The invention aims at the problem that a scene recognition system is not robust under the condition of visual angle change. The scene matching results are shown in fig. 5 and 6. From the displayed result, the algorithm of the invention reduces the influence of the change of the visual angle on the scene recognition. In order to verify the performance of the invention under severe visual angle change, the invention increases the severe degree of the visual angle change by adding translation, rotation and combined transformation to the scene, as shown in fig. 7. The scene recognition results under severe viewing angle changes are shown in fig. 8 and 9. The result shows that the algorithm effect of the invention is better.
In conclusion, the topological graph scene recognition algorithm based on density filtering and landmark significance can overcome adverse effects brought to a scene recognition result by visual angle changes, solve the problems of matching scene confusion and poor performance of a scene recognition system caused by the fact that landmarks depend on detectors and have low identification degrees in the matching process, and ensure accuracy and robustness of scene recognition.
The invention fully considers the limitation of scene identification under the change of visual angles and provides an algorithm based on a density filtering algorithm, landmark significance and a topological graph. By the designed density filtering algorithm, on the basis of the existing target detection algorithm, the problem of obtaining the landmarks with view angle invariance is converted into the problem of the number and distribution of SIFT key points in the current landmarks, and the problem that the extracted landmarks are excessively dependent on a detector and the change of the view angle of the landmark surface is not robust is solved; in order to solve the problem that a low-identification-degree Landmark can cause confusion of a matching scene, the invention applies a Landmark Localization Network (Landmark Localization Network) to acquire the significance of the Landmark, and codes the significance of the Landmark, the spatial relationship among the landmarks and the Landmark appearance into a topological graph structure to match a query frame with a reference frame. The accuracy and the strong robustness of the scene recognition system under the change of the visual angle are ensured through the designed density filtering algorithm, the landmark significance and the topological graph, and the reliable guarantee is provided for the operation of the method.

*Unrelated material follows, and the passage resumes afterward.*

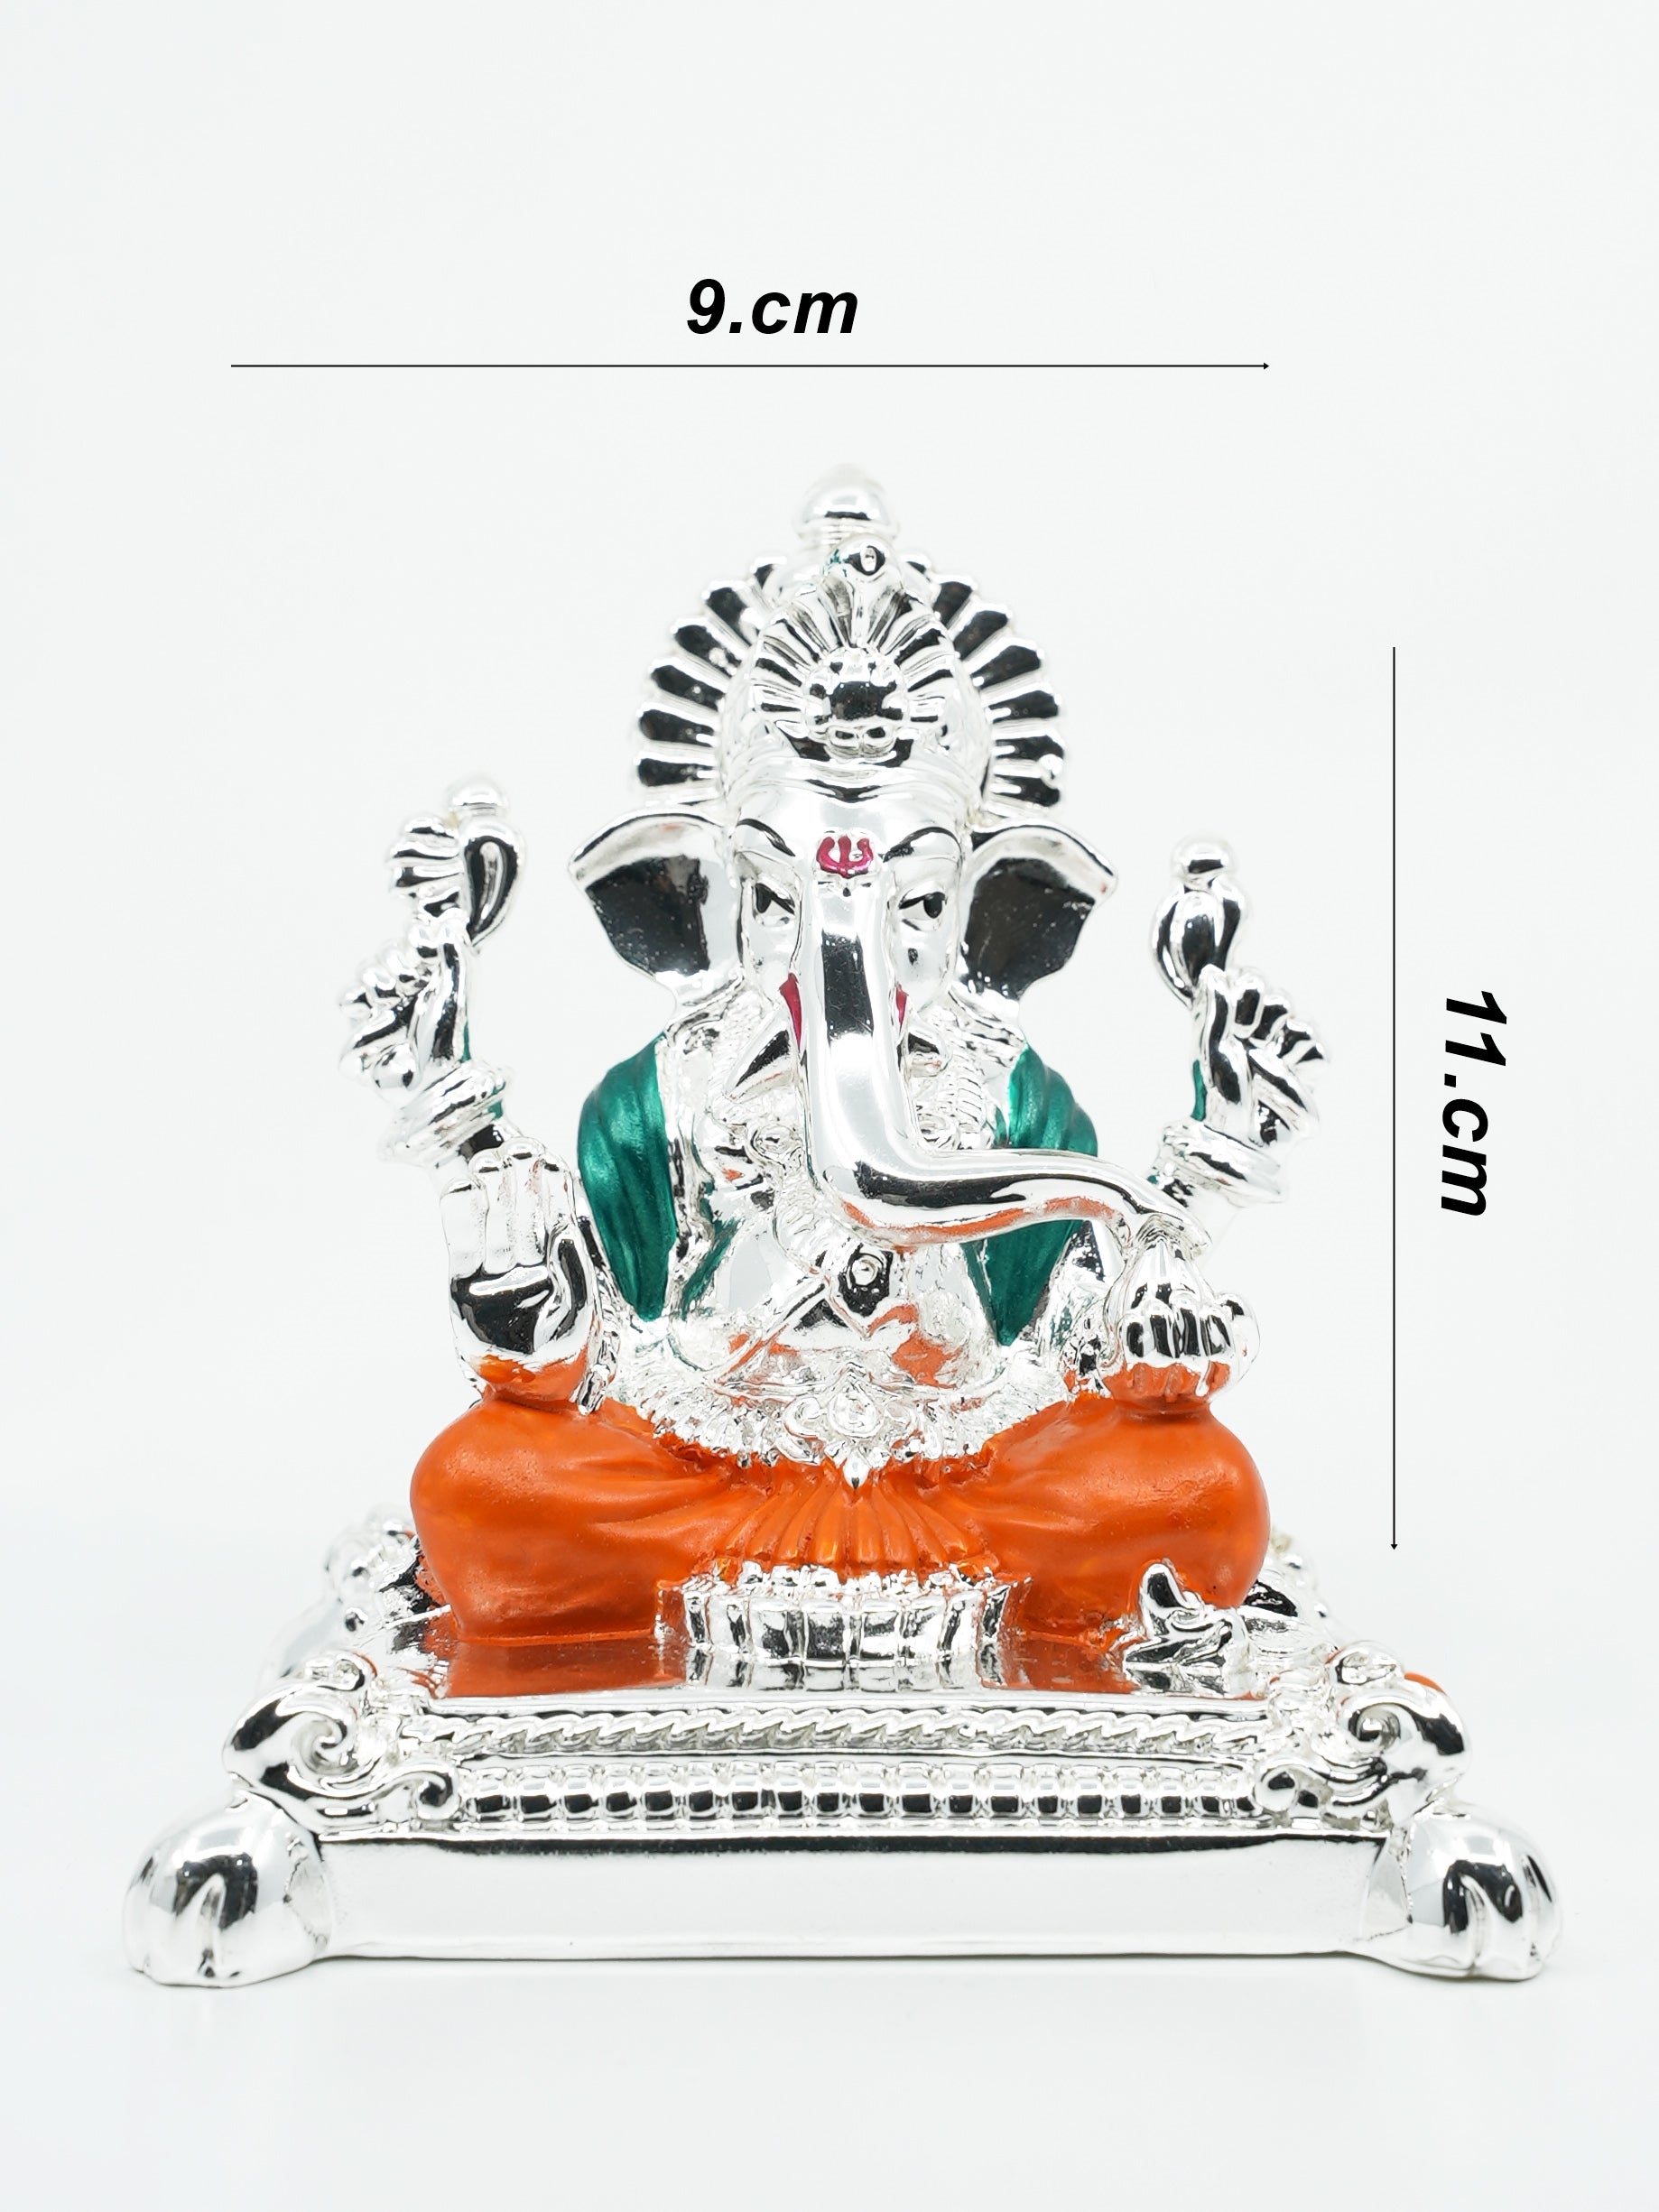 Ganesha Gold Plated charaspat Marble idol 10cm Height 10193N

Corresponding to the embodiment of the topological map scene recognition method based on the density filtering and the landmark saliency, the invention also provides an embodiment of a topological map scene recognition device based on the density filtering and the landmark saliency.
Referring to fig. 10, the topology scene recognition apparatus based on density filtering and landmark saliency according to the embodiment of the present invention includes a memory and one or more processors, where the memory stores executable codes, and the one or more processors execute the executable codes to implement the topology scene recognition method based on density filtering and landmark saliency according to the embodiment.
The topology scene recognition device based on density filtering and landmark saliency according to the present invention may be applied to any device with data processing capability, such as a computer or other devices. The device embodiments may be implemented by software, or by hardware, or by a combination of hardware and software. The software implementation is taken as an example, and as a logical device, the device is formed by reading corresponding computer program instructions in the nonvolatile memory into the memory for running through the processor of any device with data processing capability. In terms of hardware, as shown in fig. 10, the hardware structure diagram of any device with data processing capability where the topology scene identification device based on density filtering and landmark saliency is located according to the present invention is a diagram, except for the processor, the memory, the network interface, and the nonvolatile memory shown in fig. 10, in an embodiment, any device with data processing capability where the device is located may also include other hardware according to the actual function of the any device with data processing capability, which is not described again.
The implementation process of the functions and actions of each unit in the above device is specifically described in the implementation process of the corresponding step in the above method, and is not described herein again.
For the device embodiments, since they substantially correspond to the method embodiments, reference may be made to the partial description of the method embodiments for relevant points. The above-described embodiments of the apparatus are merely illustrative, and the units described as separate parts may or may not be physically separate, and parts displayed as units may or may not be physical units, may be located in one place, or may be distributed on a plurality of network units. Some or all of the modules can be selected according to actual needs to achieve the purpose of the scheme of the invention. One of ordinary skill in the art can understand and implement it without inventive effort.
The embodiment of the present invention further provides a computer-readable storage medium, on which a program is stored, and when the program is executed by a processor, the method for identifying a topological scene based on density filtering and landmark saliency in the foregoing embodiments is implemented.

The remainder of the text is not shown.